53 Figure 1.12. Schéma illustrant la démarche générale de ce travail de thèse et les questions de recherche abordées dans les différents chapitres

54 L’objet de la recherche est donc à l’interface entre une visée méthodologique (méthode de construction de scénarios quantitatifs sous hypothèses narratives) et une visée opérationnelle (scénarios efficaces vis-à-vis de la maîtrise du phoma, en fonction des caractéristiques régionales). La structuration du territoire agricole par ses acteurs, leurs stratégies et leurs moyens d’action, peuvent différer d’un territoire à l’autre. Du fait des différences en termes de contextes locaux paysager, pédoclimatique et social, deux terrains d’étude seront étudiés dans cette thèse.

Sur la base de la revue bibliographique présentée précédemment, nous avons choisi de co-construire ces scénarios, avec des acteurs agissant (à l’échelle locale) directement ou in-directement sur les facteurs qui composent lesdits scénarios. Ces scénarios sont ensuite analysés à l’aide d’un modèle spatialement explicite : SIPPOM-WOSR (Lô-Pelzer et al., 2010a), seul modèle actuellement disponible pour représenter les conséquences de l’organisation spatiale des systèmes de culture sur le phoma du colza. La combinaison d’une approche participative pour la définition de scénarios et l’utilisation d’un modèle numérique pré-existant permettra l’identification de scénarios (réalistes ou

plus exploratoires), imaginés par les acteurs, et l’analyse de leurs effets sur la gestion du phoma du colza et de la durabilité des résistances.

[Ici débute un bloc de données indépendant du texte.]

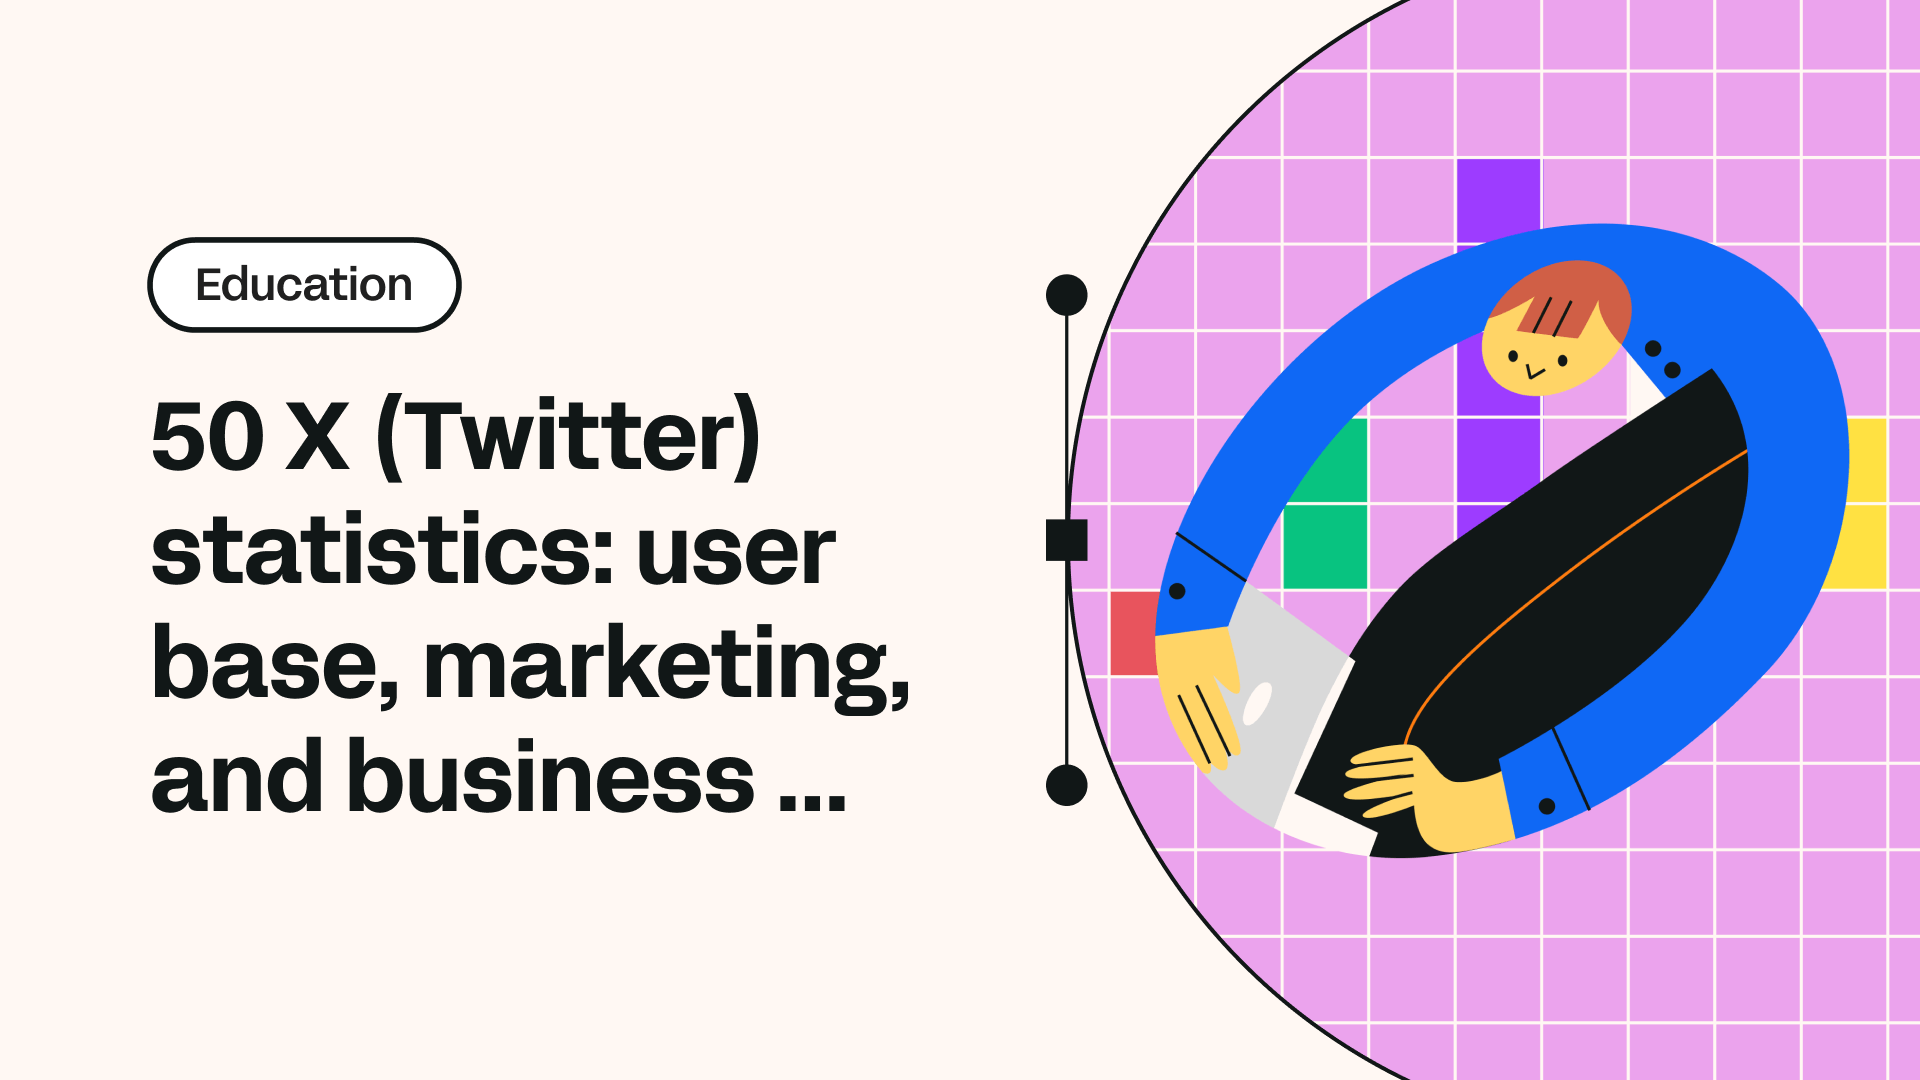 50 X (Twitter) statistics: user base, marketing, and business perks | Linearity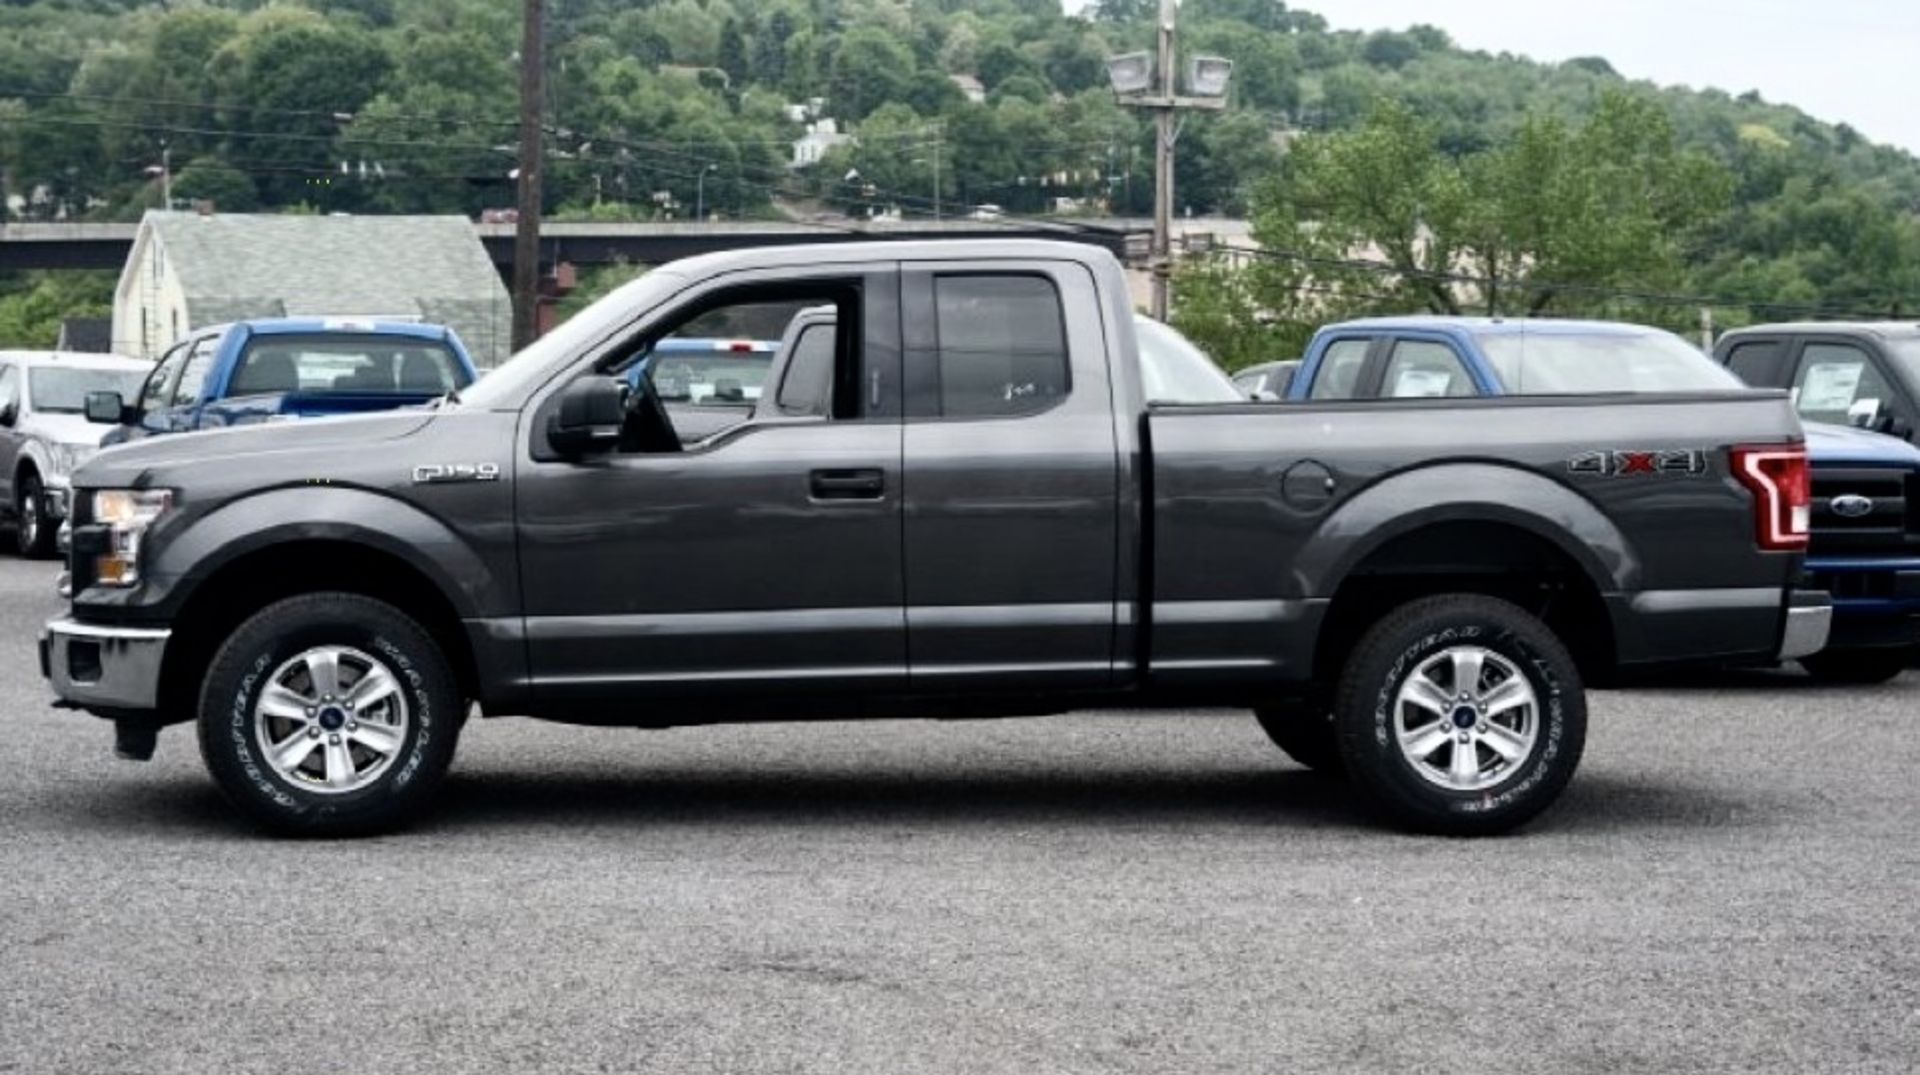 ** ON SALE ** Ford F-150 2.7L V6 SuperCab XLT '2015 Year' - Automatic - A/C - LHD - ULEZ Compliant - Image 2 of 10

La question principale de recherche se décline en quatre sous-questions, qui seront traitées dans les chapitres suivants (Figure 1.12) :

(1) Comment construire des scénarios de systèmes de culture quantitatifs, dont les hypothèses sont décrites narrativement, à une échelle supraparcellaire, avec des acteurs locaux, pour contrôler le phoma du colza et améliorer la durabilité des résistances variétales ?

(2) Quels sont, parmi les leviers techniques mobilisés dans les scénarios construits localement par les acteurs, les leviers les plus importants pour la gestion du phoma du colza et des résistances ?

(3) Comment la spatialisation des pratiques joue sur l’impact de ces leviers pour la gestion du phoma et des résistances ?

(4) Quelles échelles et règles spatiales (d’isolement) et/ou temporelles d’organisation des systèmes de culture, sont pertinentes pour une meilleure gestion du phoma et des résistances?

Le manuscrit est structuré en cinq chapitres, les chapitres de résultats s’appuyant sur deux articles soumis (Chapitres 3 et 4) et un article en projet (Chapitre 5). Le deuxième chapitre présente les matériels et méthodes utilisés dans cette étude: le modèle d’évaluation des scénarios (SIPPOM- WOSR), les caractéristiques des terrains d’étude et les types d’analyses statistiques réalisées. Le troisième chapitre présente la méthode de construction des scénarios participatifs quantitatifs d’organisation des systèmes de culture proposée et son application dans les deux terrains d’étude. Le quatrième chapitre présente l’évaluation de ces scénarios sur la gestion du phoma du colza. Le cinquième chapitre étudie l’effet de l’échelle spatiale sur le contournement de la résistance, et explore l’effet de règles spatiales et temporelles sur la gestion du phoma du colza et des résistances. Finalement, le sixième chapitre présente une discussion générale sur la méthode utilisée pour la construction des scénarios et sur les résultats des chapitres 3, 4 et 5.